No entanto, a santa inteligência do garotão aqui não previu que o cheiro, no banheiro, se concentra. Quase caí duro na hora de escovar os dentes. Se fosse nos Estados Unidos o quarteirão teria sido isolado por indícios de ataque terrorista.
Passado o susto e ainda atordoado, fui fazer o café. Pela manhã um cafézinho sempre vem a calhar, ainda mais quando se dorme tarde e acorda cedo. Após 45 segundos no microondas meu pretinho estava no ponto, no primeiro gole notei que estava mais amargo que de costume. Claro, estava sem açúcar e o café é extra-forte! Mais que depressa fui à caça do pacote de açúcar inexistente, já que ainda não fizemos a compra. Joguei o café fora, escovei os dentes (como aquelas titicas fedem) e me mandei pro ponto de ônibus.
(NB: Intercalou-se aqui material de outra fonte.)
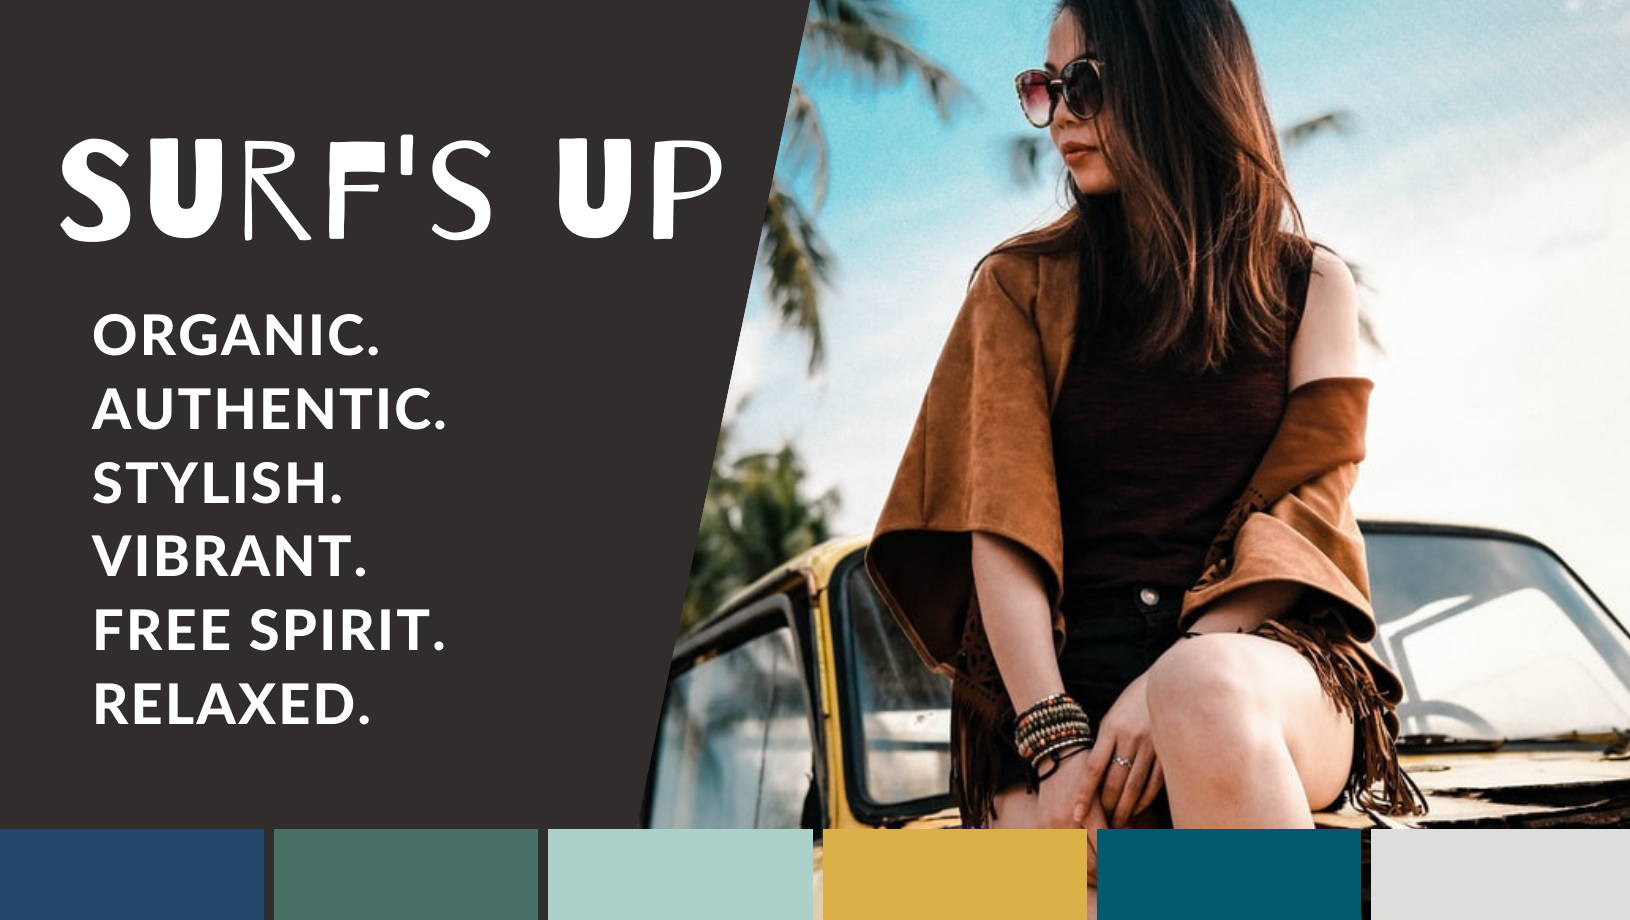 Surf's Up Vibe | Inspiration - We Are Stellar Designs

Eu juro que vi bem grande um “UFSCar – Norte” no letreiro, mas ele fez um caminho estranho, deu a volta no cemitério, andou na área Sul e parou. “Moço, é o último ponto, você vai ter que sair”. Apaputaquepariu! Muito azar para um dia só.
O resto do dia se passou completamente normal (!), sem grandes surpresas. Mas como Murphy é muito meu amigo, seria muito estranho se mais nada acontecesse. Cheguei agora pouco em casa, varado de fome, pronto pra fazer um bom arroz com feijão. Lembra da compra? Pois é, o arroz acabou também.